→ What the exercise asks: Reproduce the data that follows character for character, but omit its pictures.
··· Recorded information
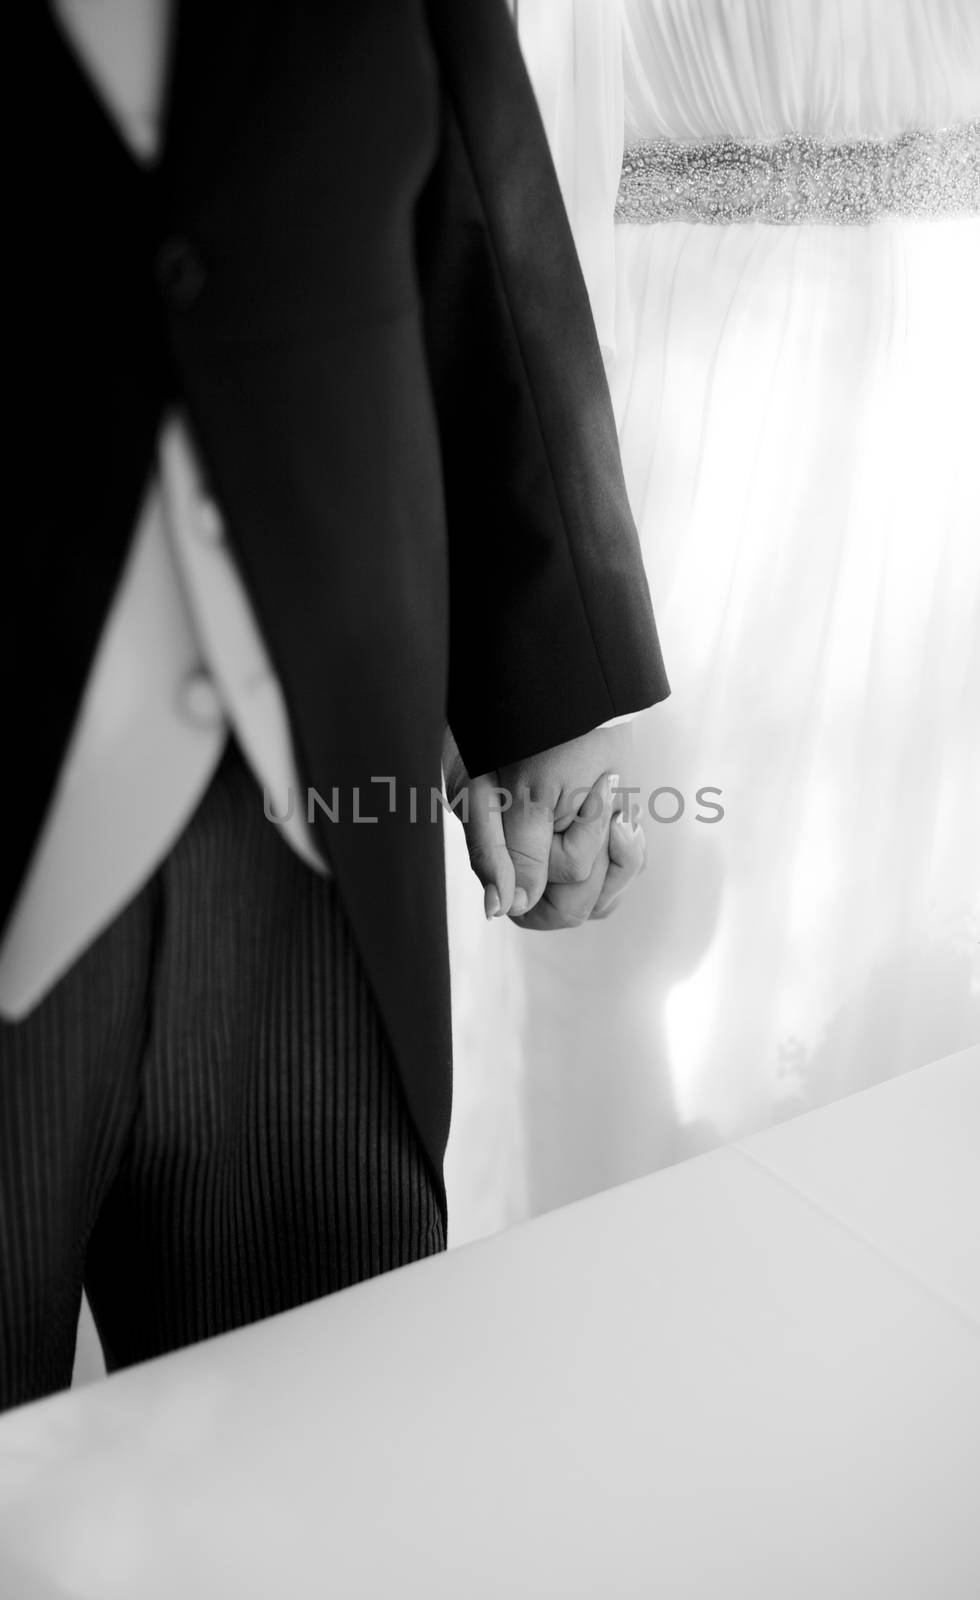 Black and white artistic digital rectangular horizontal photo of the bride wearing white wedding dress and bridegroom standing wearing long coat morning suit with waste coat holding hands during church wedding marriage ceremony in Madrid Spain. Shallow depth of on foreground with background out of focus. 
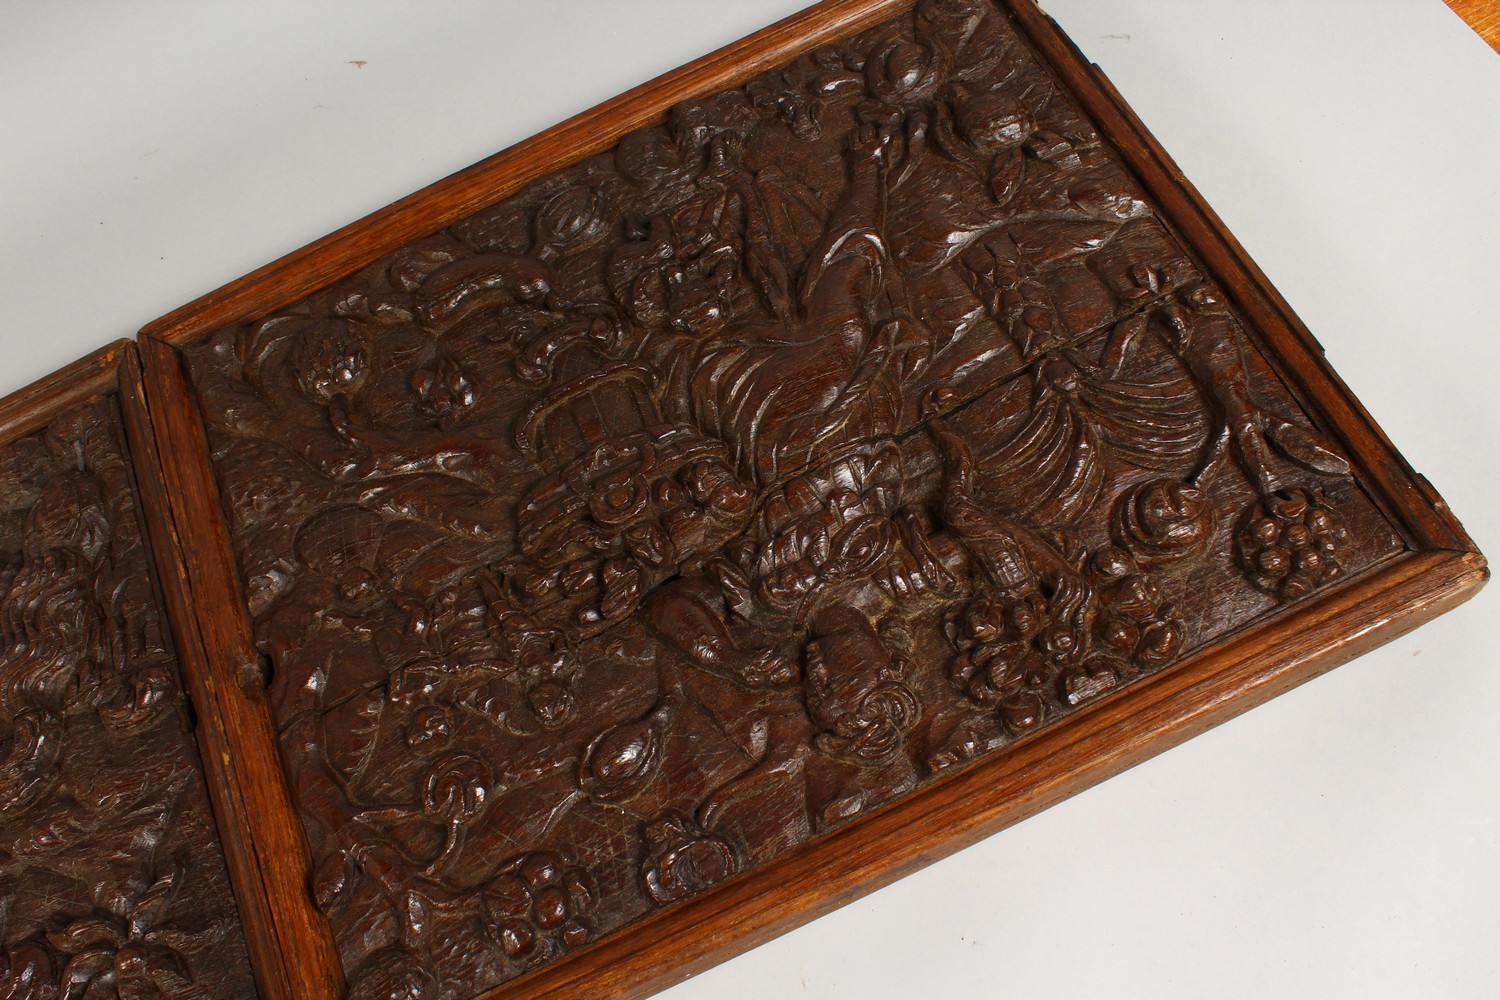 A GOOD PAIR OF EARLY CARVED OAK PANELS, POSSIBLY 17TH CENTURY, depicting female figures, children, - Image 3 of 4
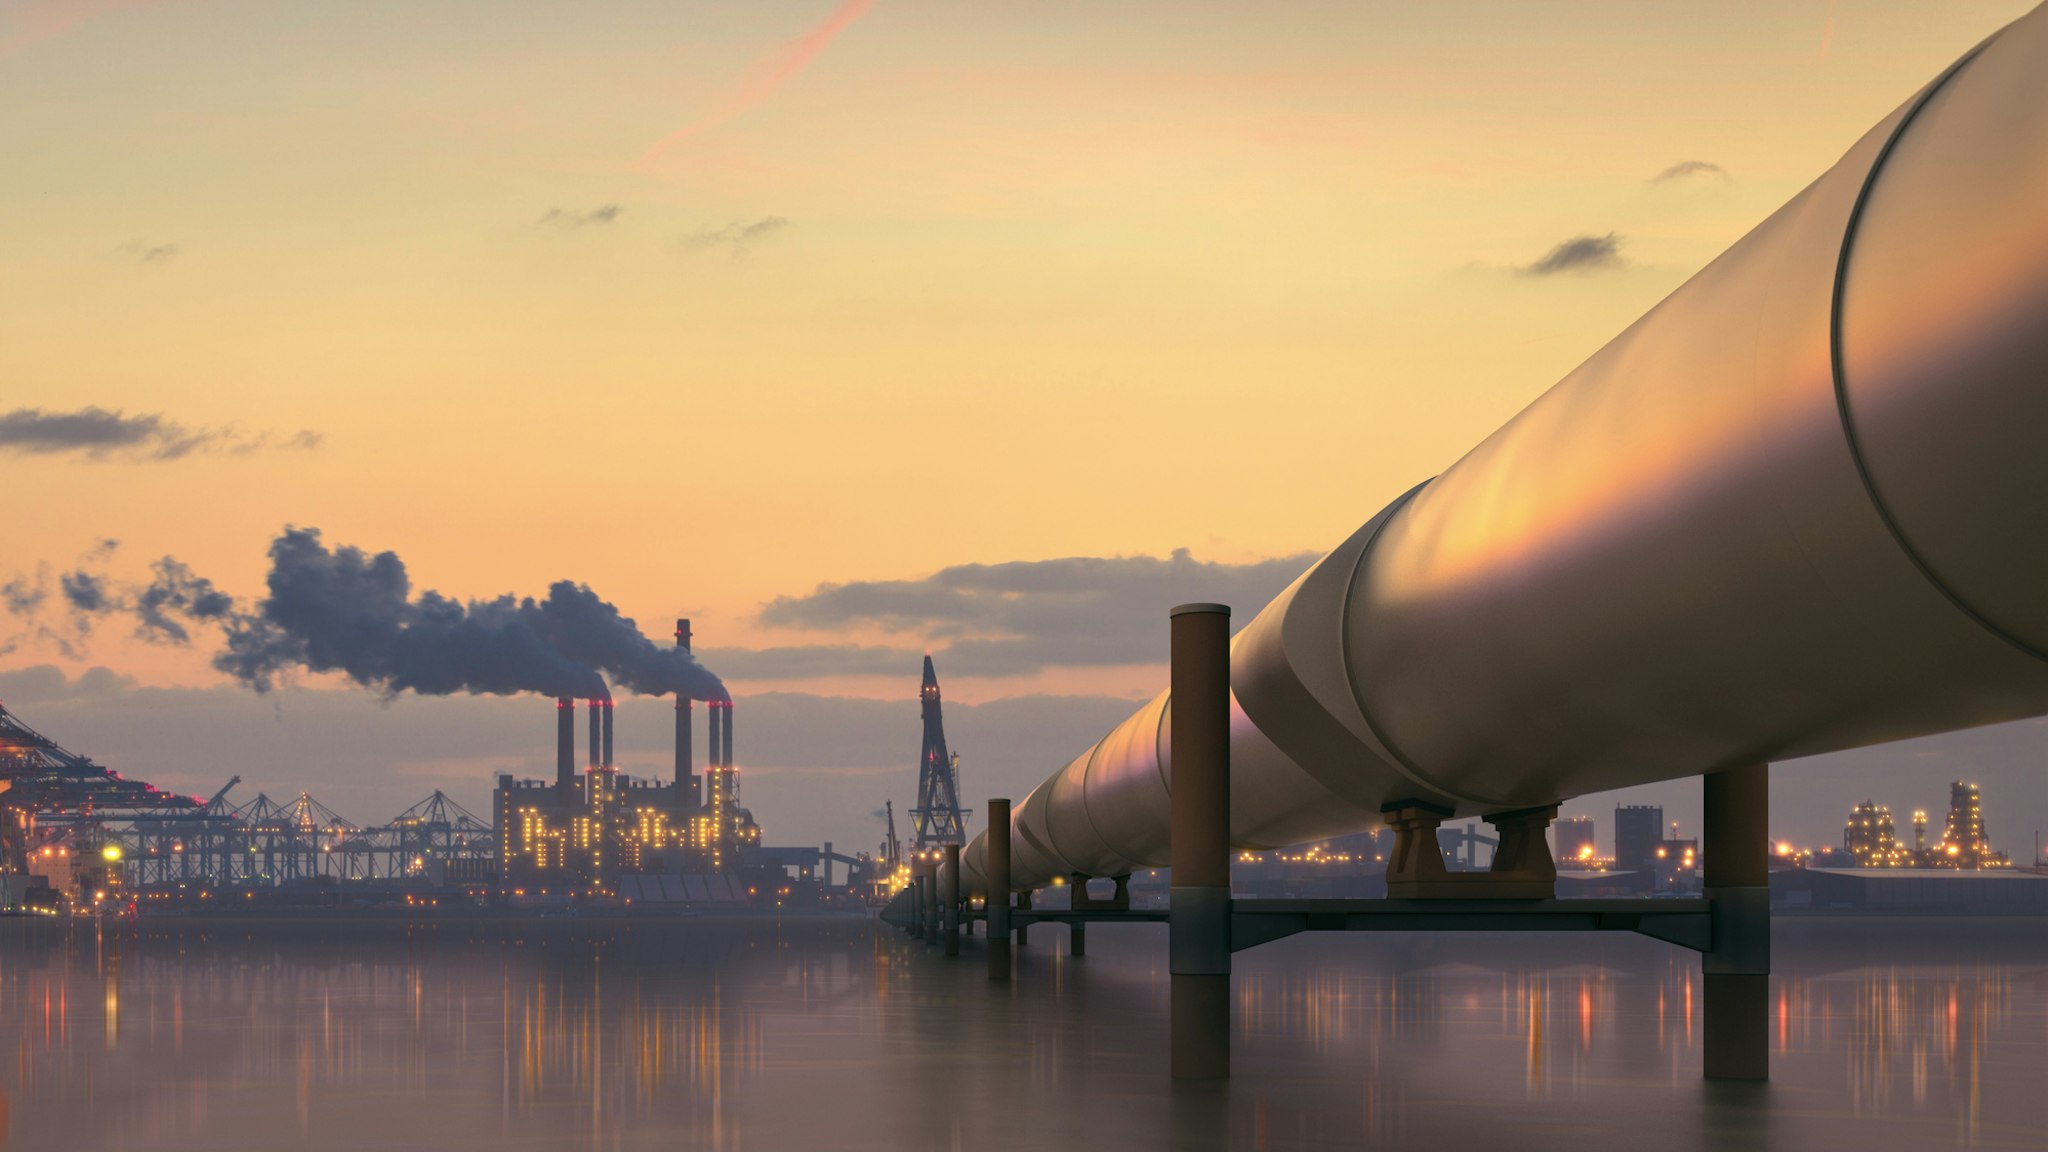 Oil pipeline in industrial district with factories at dusk - stock photo Pipeline in industrial district
······
→ Answer for this exercise:
 Black and white artistic digital rectangular horizontal photo of the bride wearing white wedding dress and bridegroom standing wearing long coat morning suit with waste coat holding hands during church wedding marriage ceremony in Madrid Spain. Shallow depth of on foreground with background out of focus. 
 A GOOD PAIR OF EARLY CARVED OAK PANELS, POSSIBLY 17TH CENTURY, depicting female figures, children, - Image 3 of 4
 Oil pipeline in industrial district with factories at dusk - stock photo Pipeline in industrial district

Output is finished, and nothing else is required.